◆ Provided data
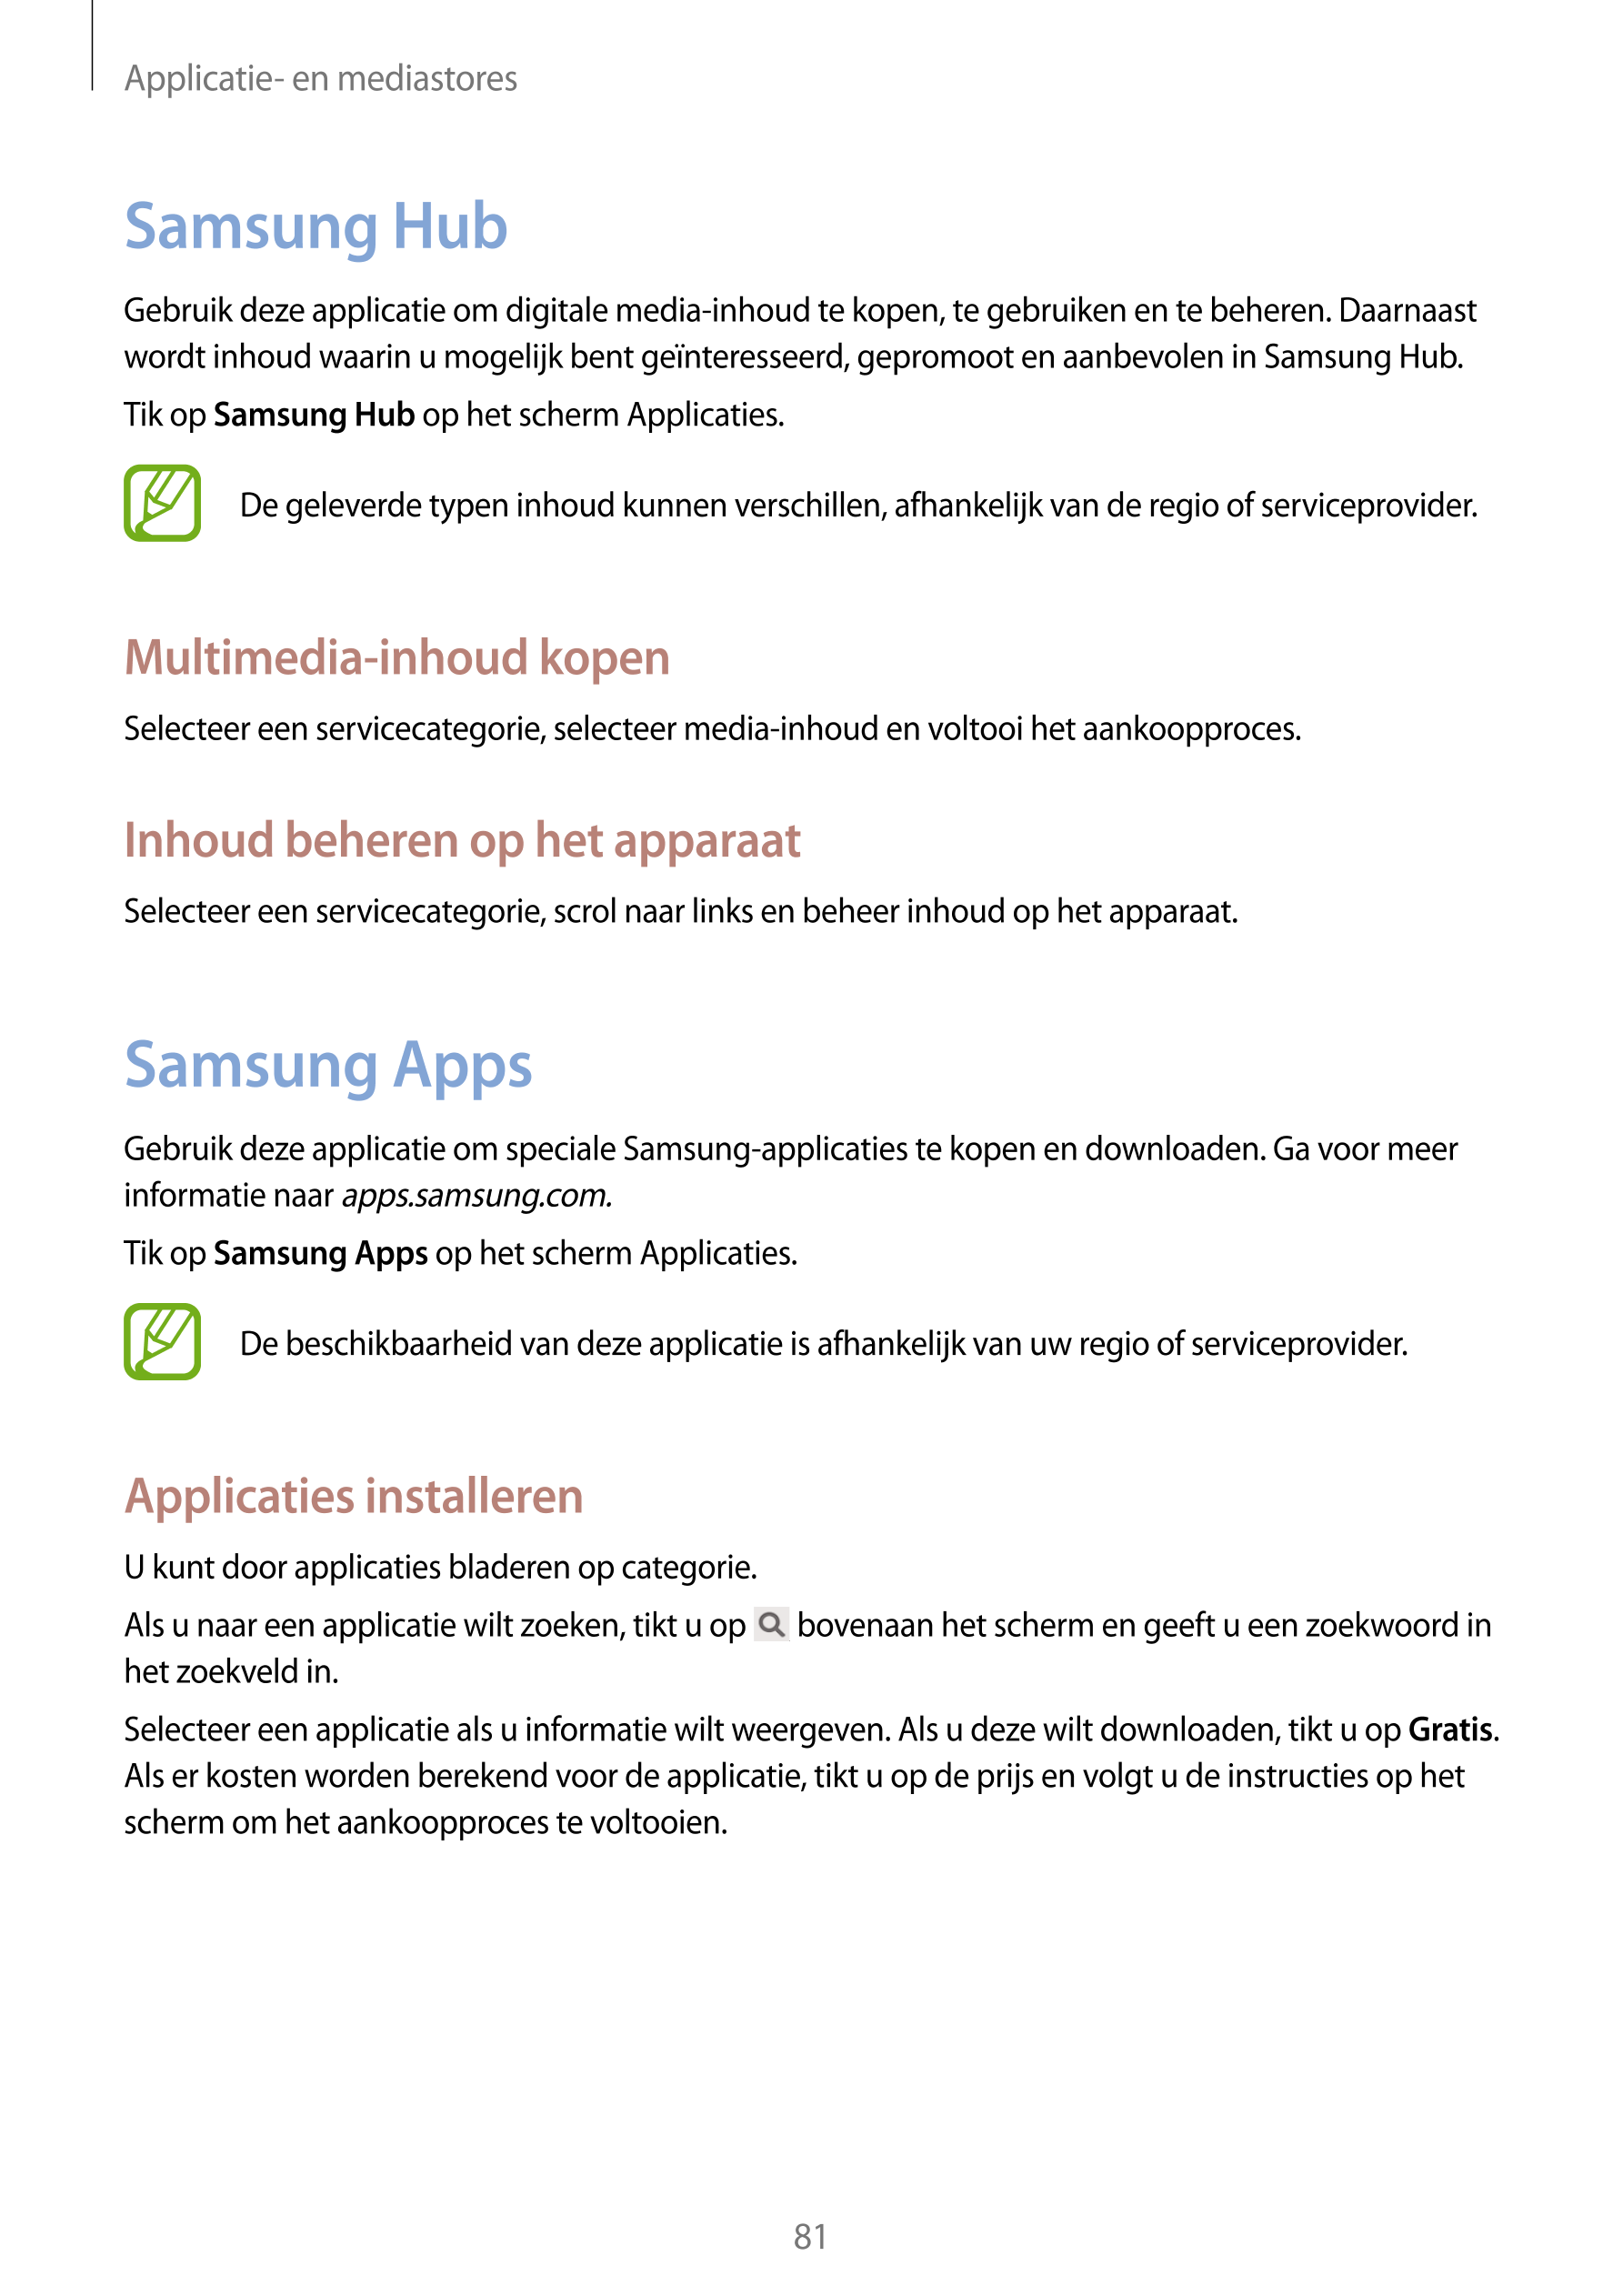 Applicatie- en mediastores
Samsung Hub
Gebruik deze applicatie om digitale media-inhoud te kopen, te gebruiken en te beheren. Da

◆ About this task
Every line from the one holding "Samsung Hub" through the last line of the listing above should be set down exactly, and nothing more.

◆ Answer space
Samsung Hub
Gebruik deze applicatie om digitale media-inhoud te kopen, te gebruiken en te beheren. Da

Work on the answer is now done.